MILAN’S DENIM REVIVAL
Who can forget the 1980s era of designer jeans, with the focus on tight and all eyes on the shapely tush.
The Milan Denim Revival of 2015 is nothing if not a relief from that stomach-sucking era. Italy’s designers have volleyed back with relaxed denim looks, turning their nose up at spandex and jeggings that have made tight jeans any (wo)man’s game.
Denim trousers are easy-to-wear, wide-legged and cropped — a look that renews emphasis on the shoe. Jeans are also dressed up, with lace panels, floral appliques, brocade beneath distressed tears and of course, rhinestones.
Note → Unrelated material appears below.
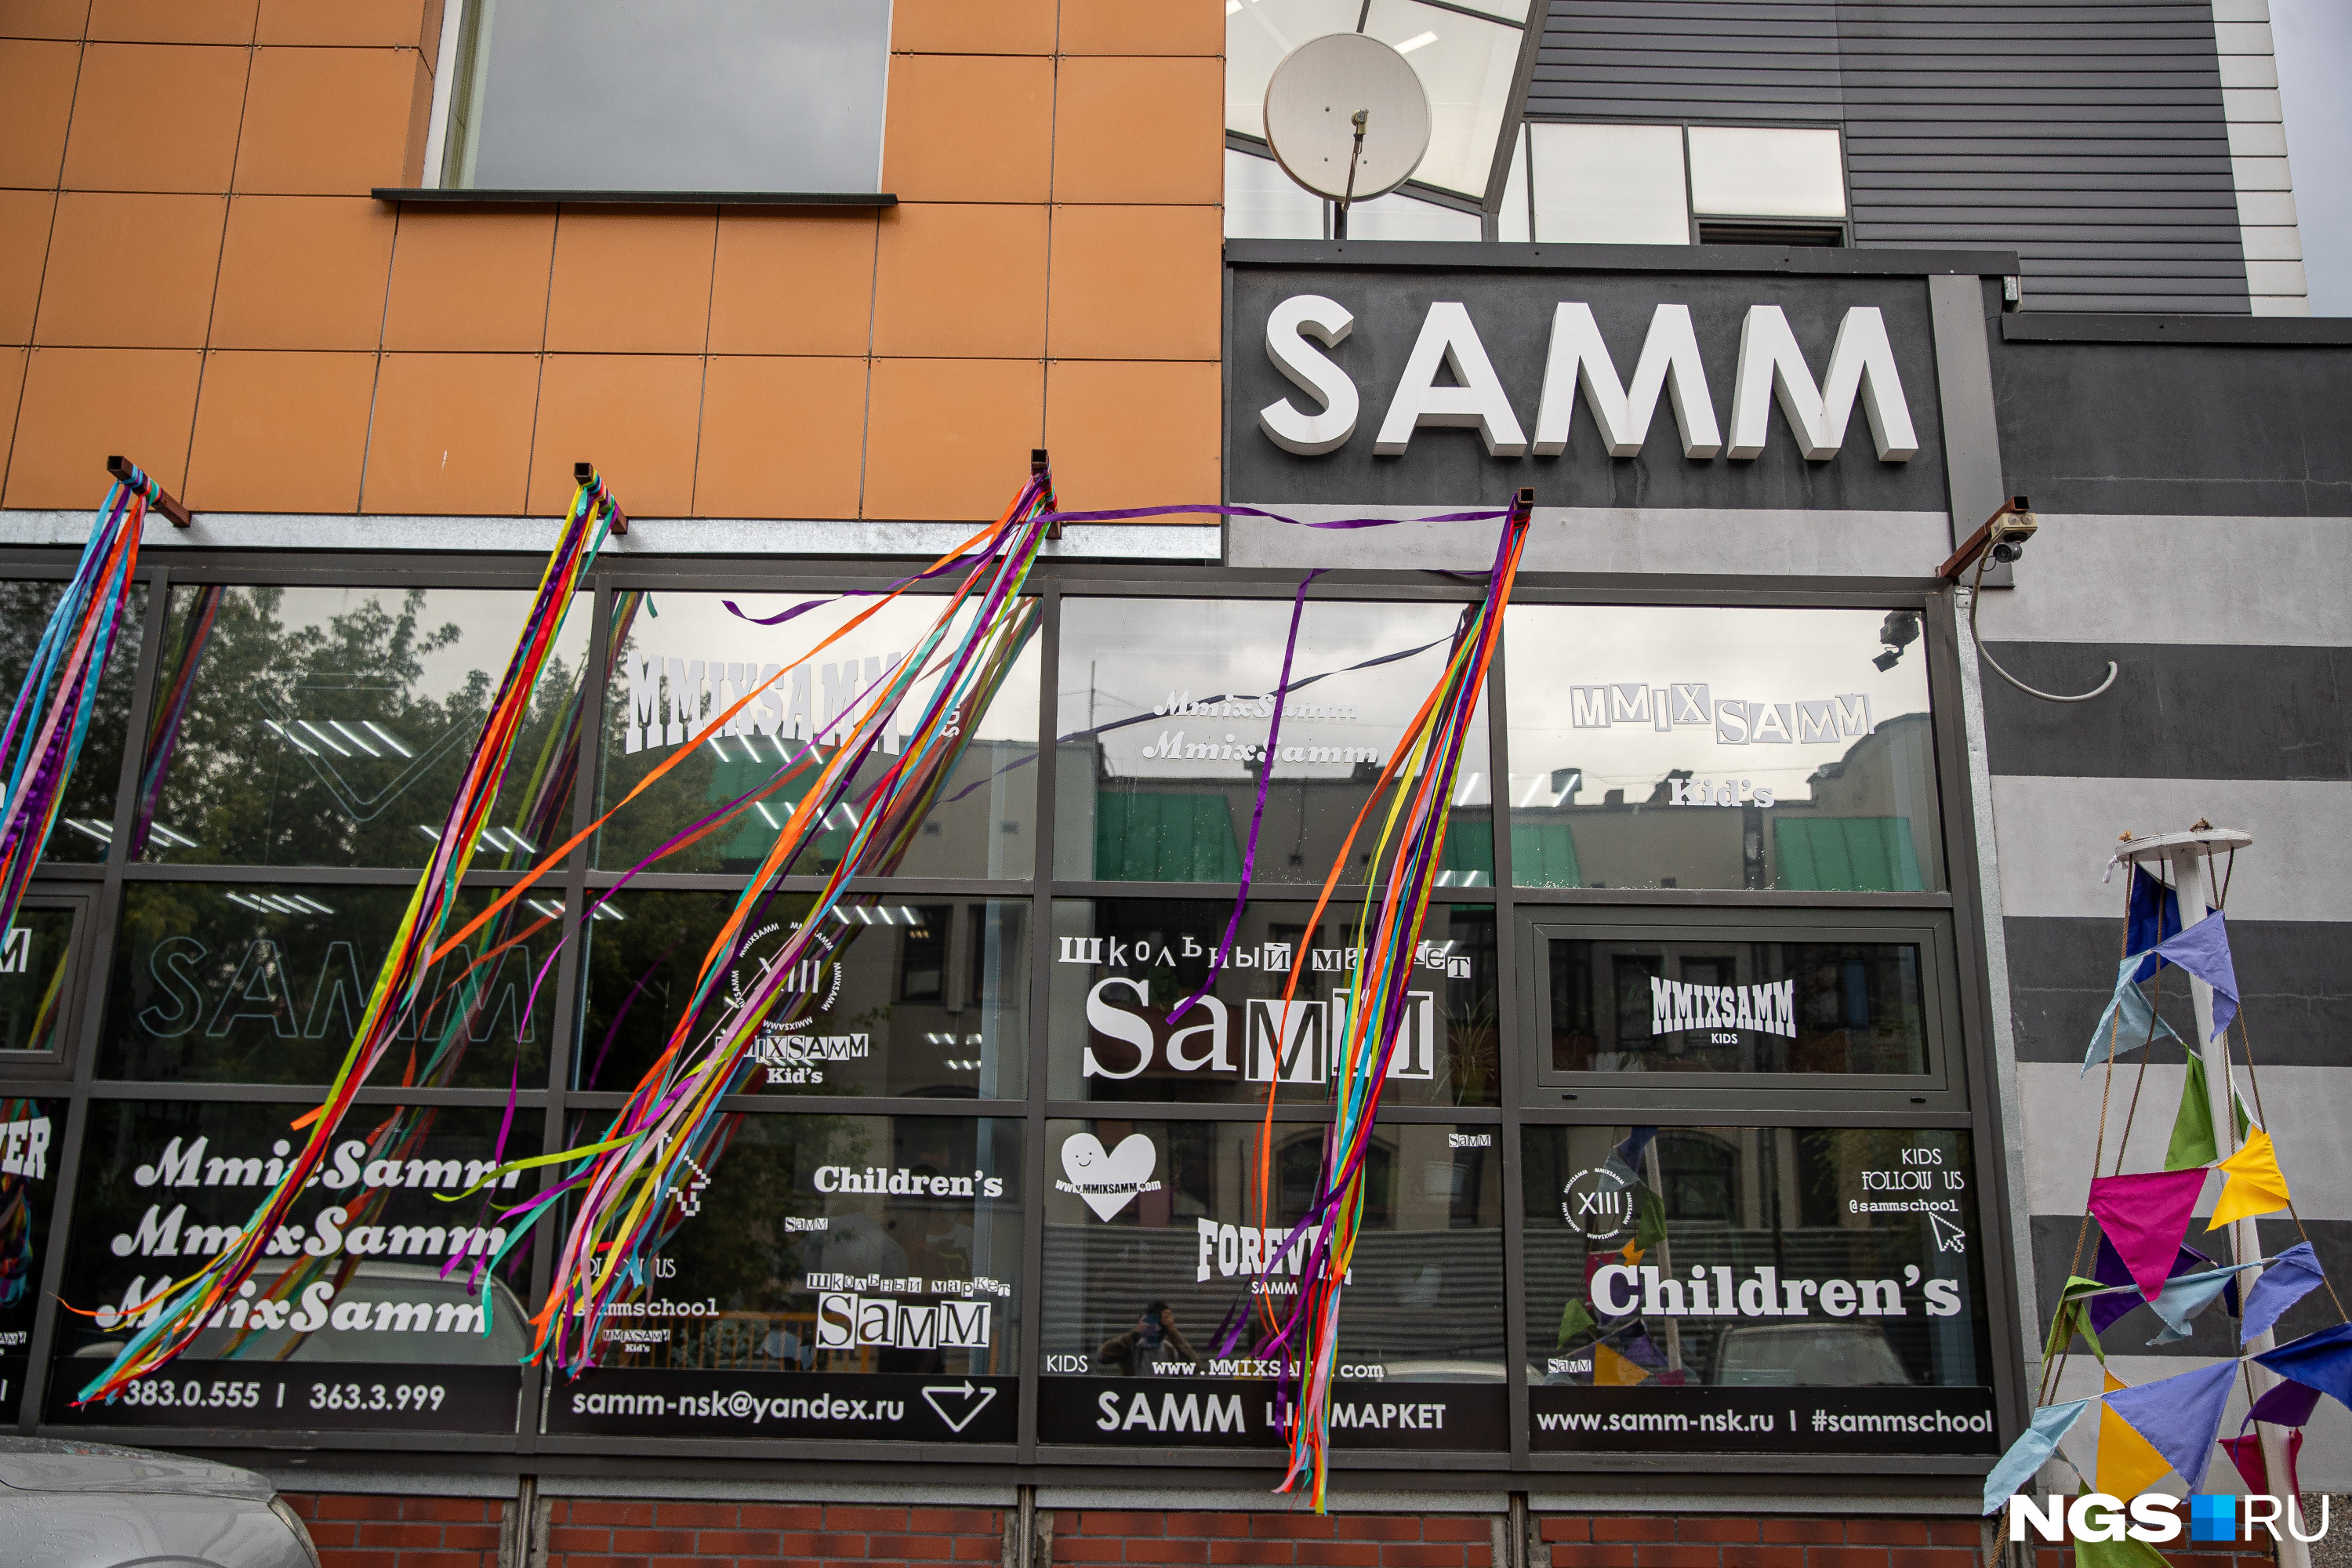 Жалобы на компанию SAMM поступают в редакцию уже не первый год

At Emporio Armani, they fit Giorgio Armani’s passion for blue and included wide-legged denim with a shiny, cropped cuff, dressed up with short tailored jackets. Karl Lagerfeld says women are increasingly asking for denim and he obliged with jodhpur-styled jeans for Fendi. Gucci came out with mariner-front styles cropped at the calf. Ermanno Scervino dressed up faded denim wrap skirts — the skirt silhouette of choice for next summer — hooded overcoats and shorts with contrasting denim appliques.
ACTIVE WEAR
If there was a battle cry this season, it was ready-to-wear made easy-to-wear. With this, came an emphasis on active wear.
Some was dance-inspired, others took light-hearted cues from Magna figures, decorated with sequined icons of ice cream and lips, and yet others derived from minimalist tendencies.
Dancer’s wraps have long come out of the studio, and here they are again on the street. Leggings and shape-hugging T’s gain new respectability under long trench coats. And big-fitting sweatshirts worn with wide-legged shorts form a distance can seem a well-coordinated dress.
OF PLATFORM AND TENNIS SHOES
Ten-inch heels will be rotating to the back of the closet next summer. To the fore: more forgiving wedge and platform sandals, and a fair bit of flats, including sneakers.
Much of the footwear may tip an evolutionary nod to Birkenstocks, but designers raised the game, by incorporating geometric elements into the platforms, and, of course, luxury materials.
Sneakers also got a dressing up, with versions that go all the way up the knee with multi-colored straps for a gladiator-esque effect and sprinkled with Swarowski crystals for eveningwear.
There was a tendency to mix informal with the formal: casual shoes with dressy looks, and vice versa. And what’s good for the shoes, is good for the bags, say Milan designers.